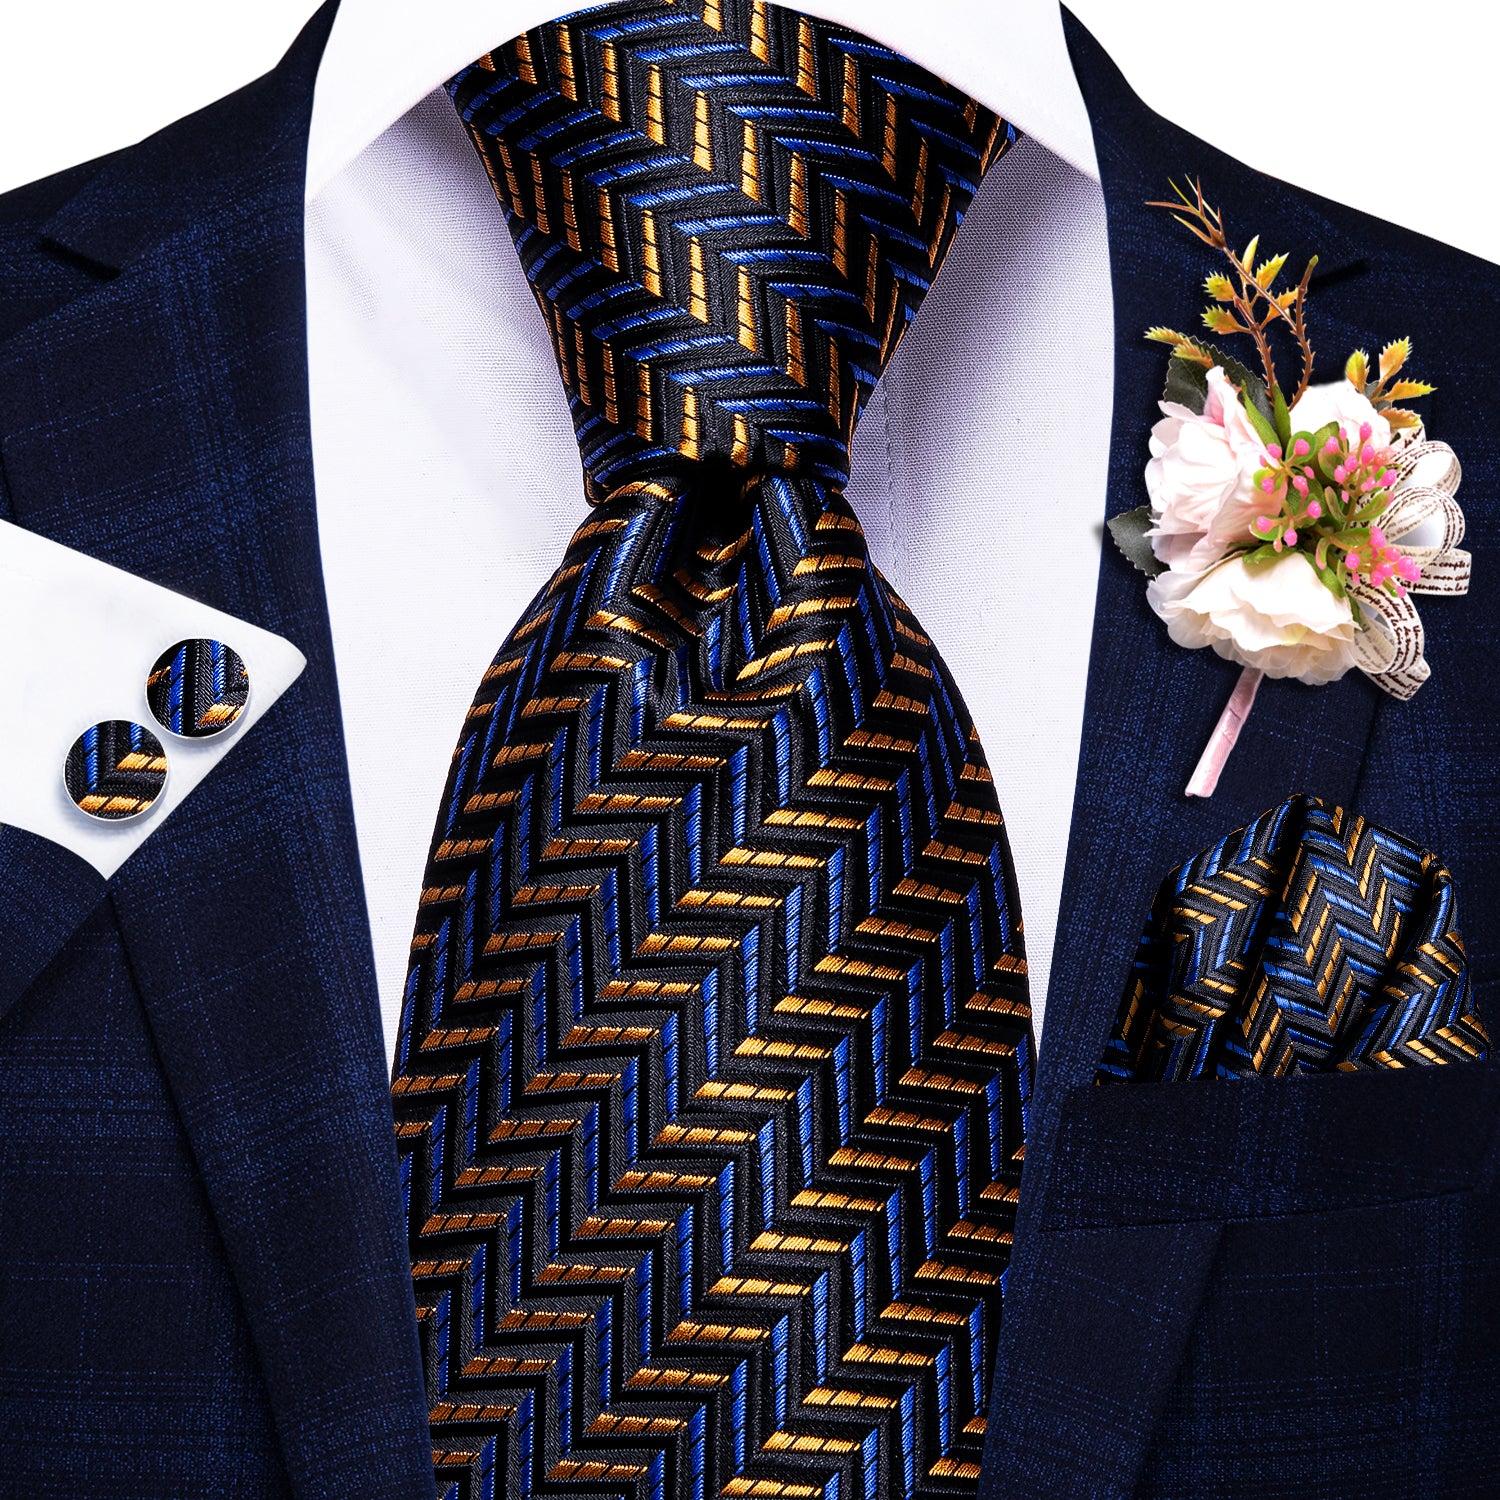 Black Golden Striped Tie Handkerchief Cufflinks Set with Wedding Brooch
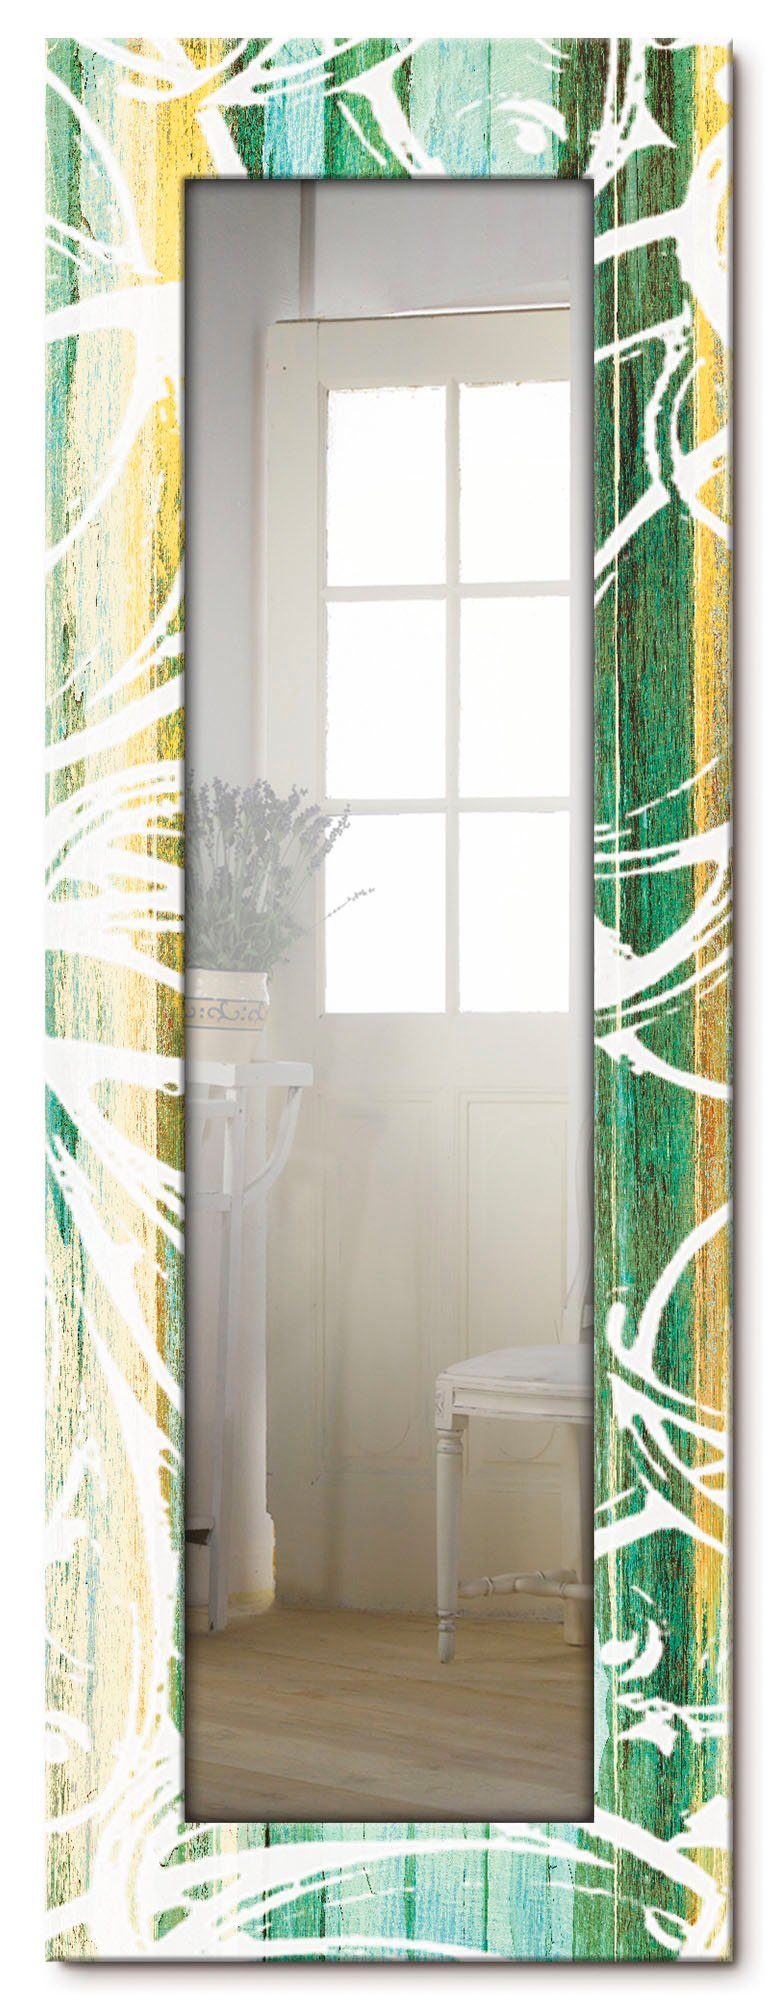 Artland Sierspiegel Ornamenten in moderne stijl ingelijste spiegel voor het hele lichaam met motiefrand, geschikt voor kleine, smalle hal, halspiegel, mirror spiegel omrand om op t
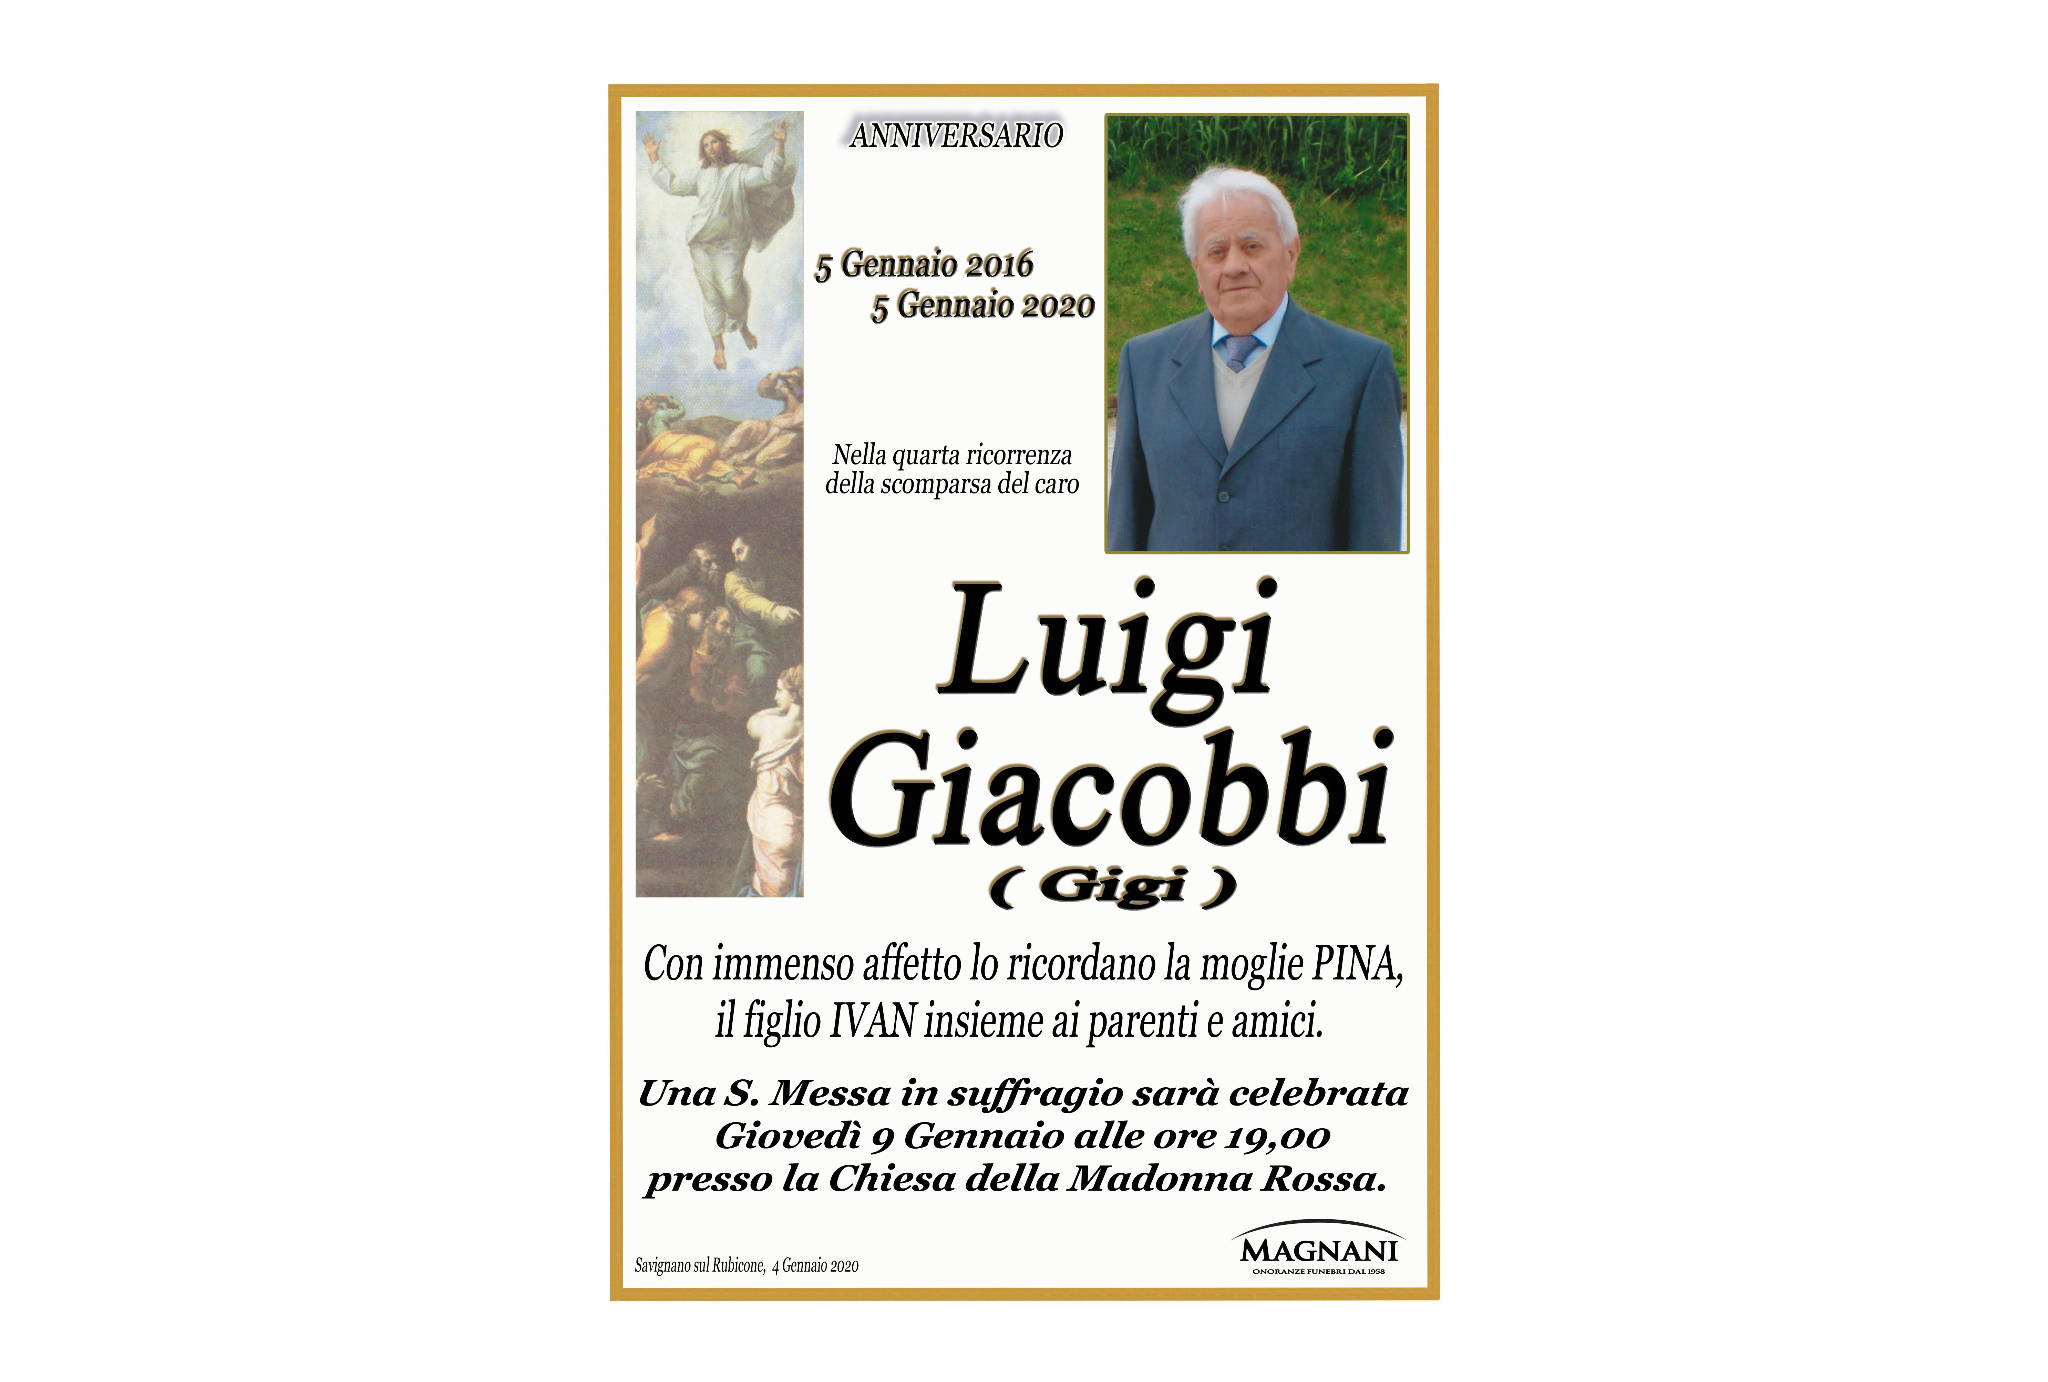 Luigi Giacobbi

___

- _About this exercise_: Once the pictures are set aside, give the listing again word for word.

- _Answer to this problem_:
 Black Golden Striped Tie Handkerchief Cufflinks Set with Wedding Brooch
 Artland Sierspiegel Ornamenten in moderne stijl ingelijste spiegel voor het hele lichaam met motiefrand, geschikt voor kleine, smalle hal, halspiegel, mirror spiegel omrand om op t
 Luigi Giacobbi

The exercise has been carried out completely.